Queueing disciplines:qdisc, 用来决定数据包在网络接口上的发送顺序,默认的是pfifo_fast, 拥有3个优先级队列,按照优先级先进先出。用如下命令就可以看到当前设备上的qdisc:
ip a
1: lo: <LOOPBACK,UP,LOWER_UP> mtu 65536 qdisc noqueue state UNKNOWN group default qlen 1000
link/loopback 00:00:00:00:00:00 brd 00:00:00:00:00:00
inet 127.0.0.1/8 scope host lo
valid_lft forever preferred_lft forever
inet6 ::1/128 scope host noprefixroute
valid_lft forever preferred_lft forever
2: enp0s31f6: <NO-CARRIER,BROADCAST,MULTICAST,UP> mtu 1500 qdisc fq_codel state DOWN group default qlen 1000
link/ether c8:5b:76:3f:0e:74 brd ff:ff:ff:ff:ff:ff
3: wlp4s0: <BROADCAST,MULTICAST,UP,LOWER_UP> mtu 1500 qdisc noqueue state UP group default qlen 1000
link/ether e4:a4:71:b3:62:17 brd ff:ff:ff:ff:ff:ff
inet 192.168.0.112/24 brd 192.168.0.255 scope global dynamic noprefixroute wlp4s0
valid_lft 5077sec preferred_lft 5077sec
inet6 fe80::a7fa:5c7f:99ae:bd31/64 scope link noprefixroute
valid_lft forever preferred_lft forever
4: docker0: <NO-CARRIER,BROADCAST,MULTICAST,UP> mtu 1500 qdisc noqueue state DOWN group default
link/ether 02:42:c0:45:54:ec brd ff:ff:ff:ff:ff:ff
inet 172.17.0.1/16 brd 172.17.255.255 scope global docker0
valid_lft forever preferred_lft forever
可以看到如上用到的主要是noqueue和fq_codel,前者就是收到包后就立即发,没有其他规则,后者是fair queue controlled delay,以一个随机模型分类数据包,实现公平发送。

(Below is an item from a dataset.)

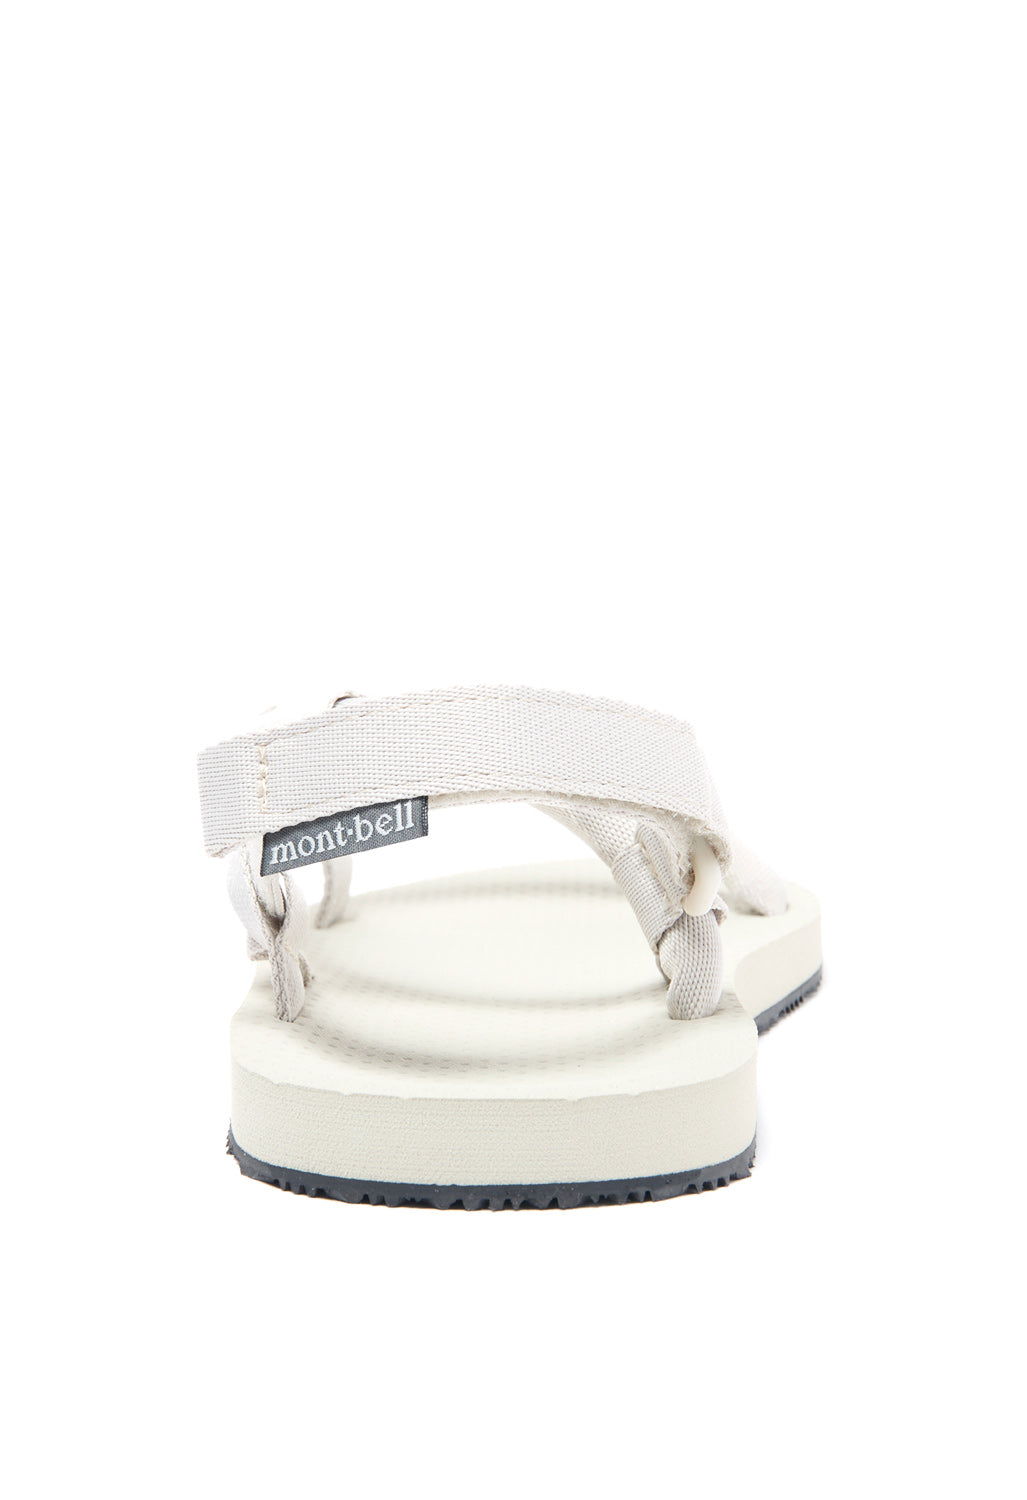 Montbell Lock-On Sandals - Ivory

Classful qdiscs: 允许为不同的包定义不同的类别,这样就可以使用不同的规则。
Filters:用来给数据包制定一个特定的类别。
Classless qdiscs:没有任何关联的类别,这意味着没法指定filters。
接下来就看一个例子, 如果发现是http包,就打印下log:
#pragma clang diagnostic ignored "-Wcompare-distinct-pointer-types"
#include <bits/types.h>
#include <linux/bpf.h>
#include <linux/if_ether.h>
#include <linux/in.h>
#include <linux/ip.h>
#include <linux/pkt_cls.h>
#include <linux/tcp.h>
#define SEC(NAME) __attribute__((section(NAME), used))
#if __BYTE_ORDER__ == __ORDER_LITTLE_ENDIAN__
#define __bpf_htons(x) __builtin_bswap16(x)
#define __bpf_constant_htons(x) ___constant_swab16(x)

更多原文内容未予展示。